Experiments show that Fuzzy Grammatical Evolution has competitive performance on a selection of real world classification tasks. The best models found were then presented in comprehensible terms to a domain expert, a medical doctor. This expert was able to verify the interpretability of the models and to extract the knowledge obtained in the learning process of the model. Contrasting the performance of models which the domain expert labeled as having ‘incorrect’ logic vs those the domain expert labeled as ‘correct’ logic validated the interpretability of the Fuzzy Pattern Trees. Models with ‘incorrect’ logic were outperformed by those models deemed as having correct ‘correct’ logic, thus demonstrating Fuzzy Grammatical Evolution as an explainable artificial intelligence method. Techniques to include the human in the loop, namely designing fuzzy partitions and creating modules, were also explored. The effect these had on improving the search was inconclusive, although the addition of the expert partitions and modules did lead to the discovery of the best performing classifier.

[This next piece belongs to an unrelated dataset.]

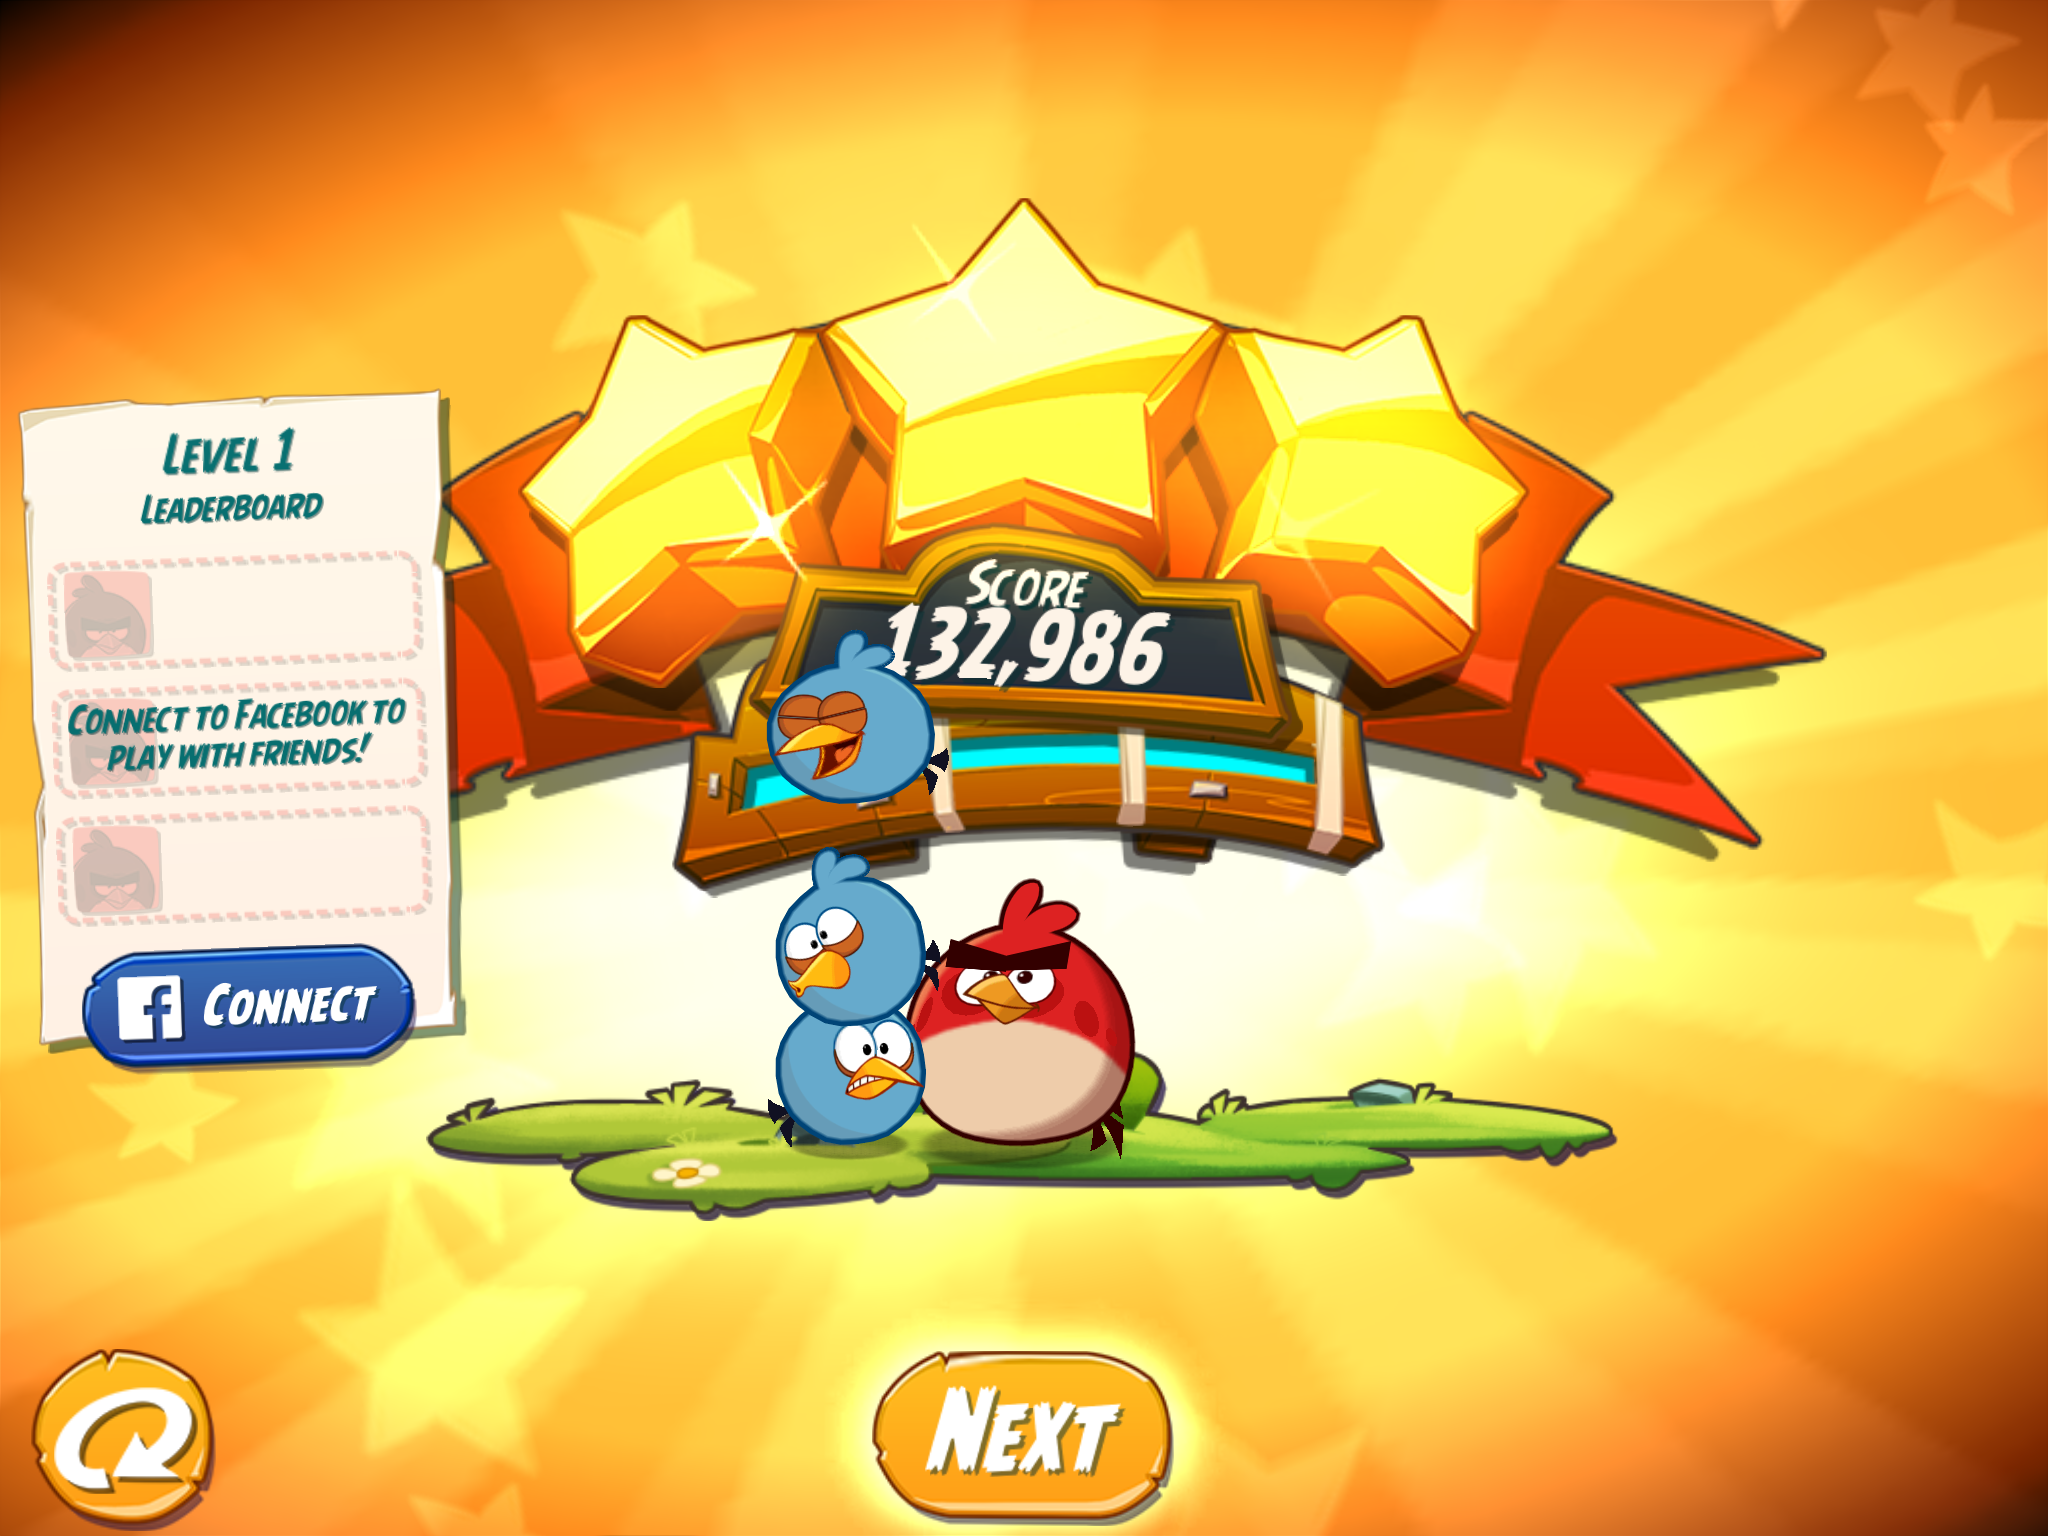 Spindy12: Angry Birds 2: Level 1 (iOS) 132,986 points on 2016-12-20 14:59:12
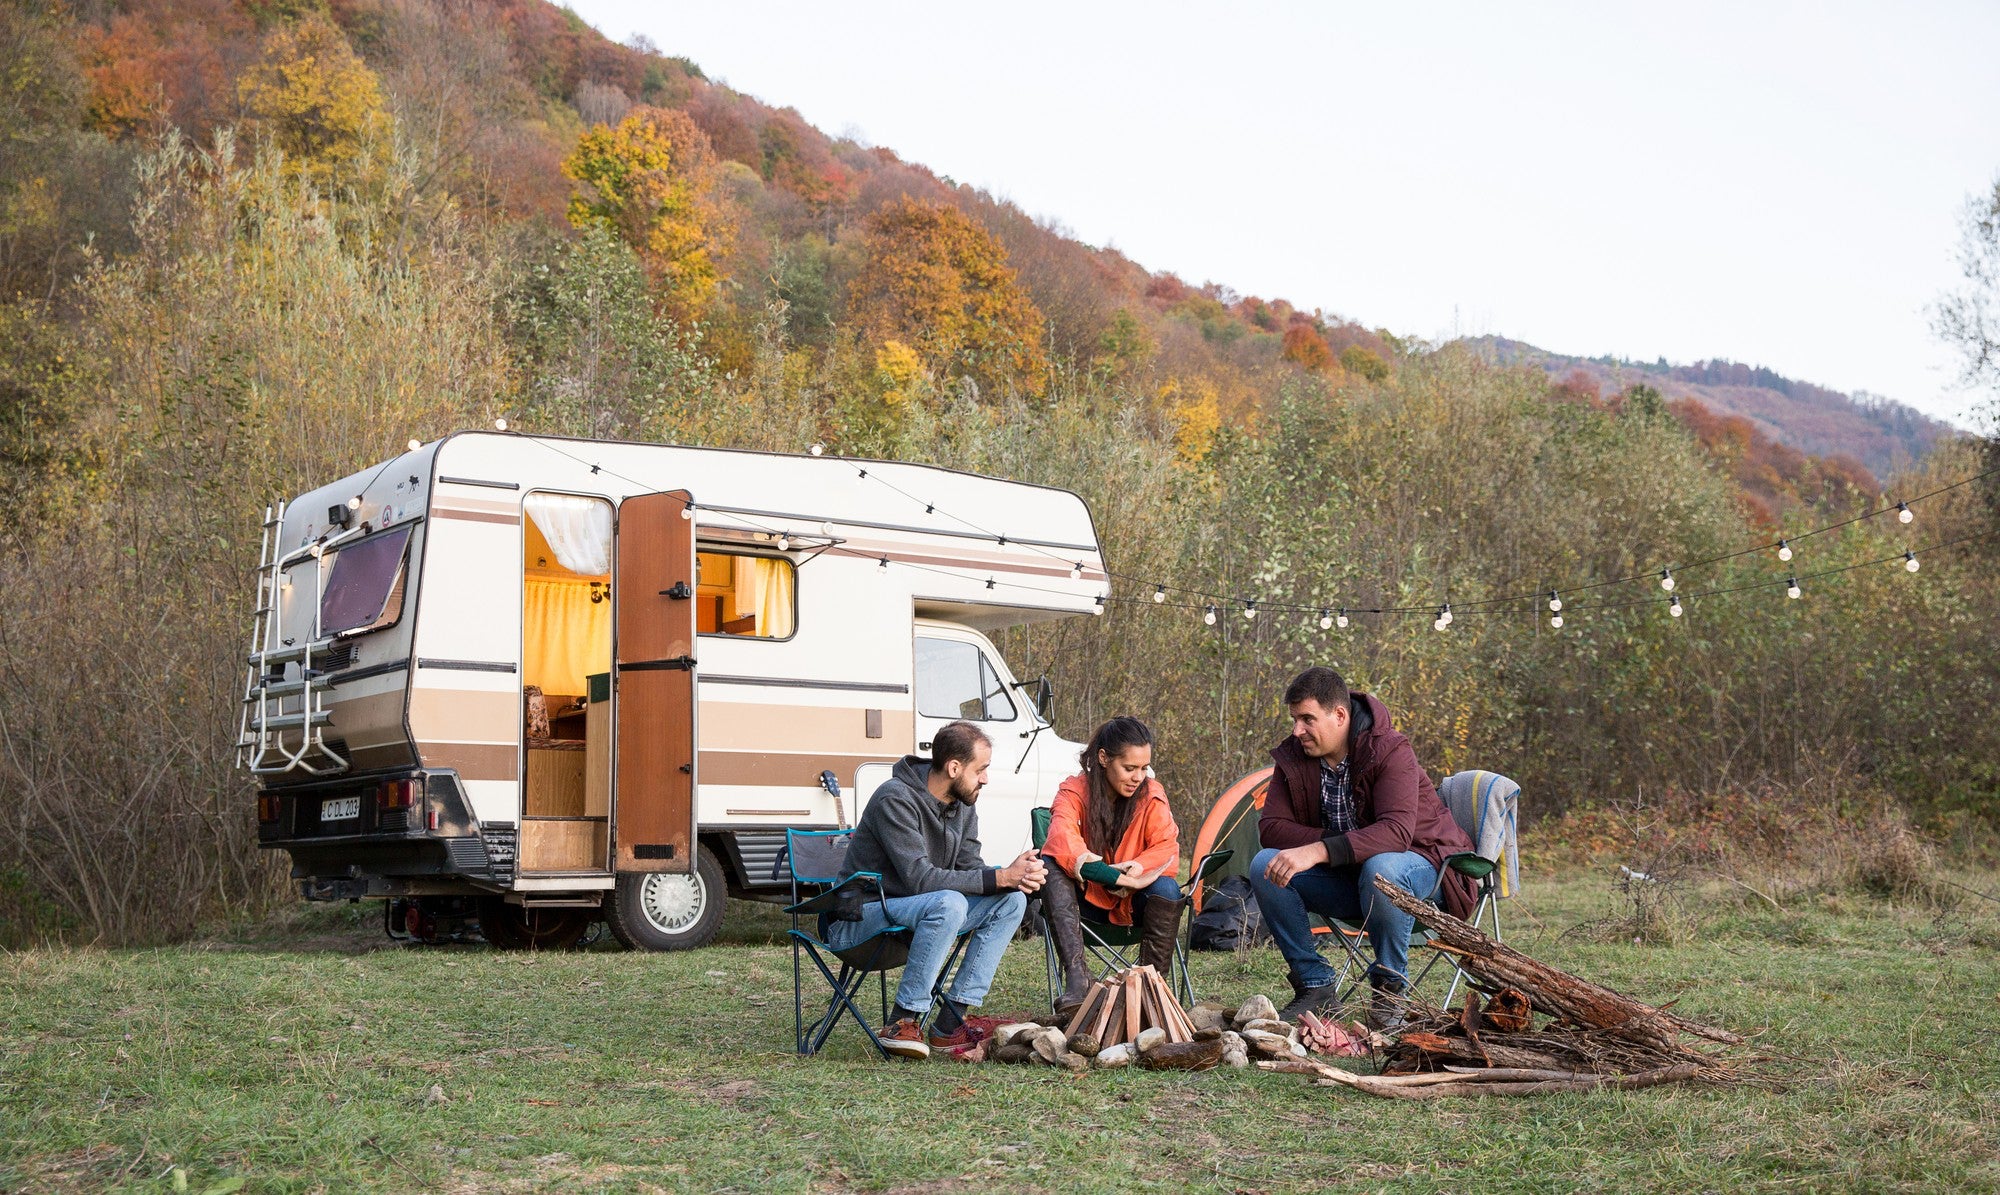 Best Maintenance Tips for RV, Travel Trailers, and Campers

The next major step in this work is the inclusion of the human expert in more stages of the evolutionary process. Further pre-processing of the data, highlighting important cases in the training set, encapsulating more information into modules and incorporating more domain knowledge in the grammar, setting and adapting maximum depth size of the individuals during the run, being involved in the selection process are some of the many possibilities going forward. This would enable Grammatical Evolution to tailor its search to the expertise and capabilities of the user.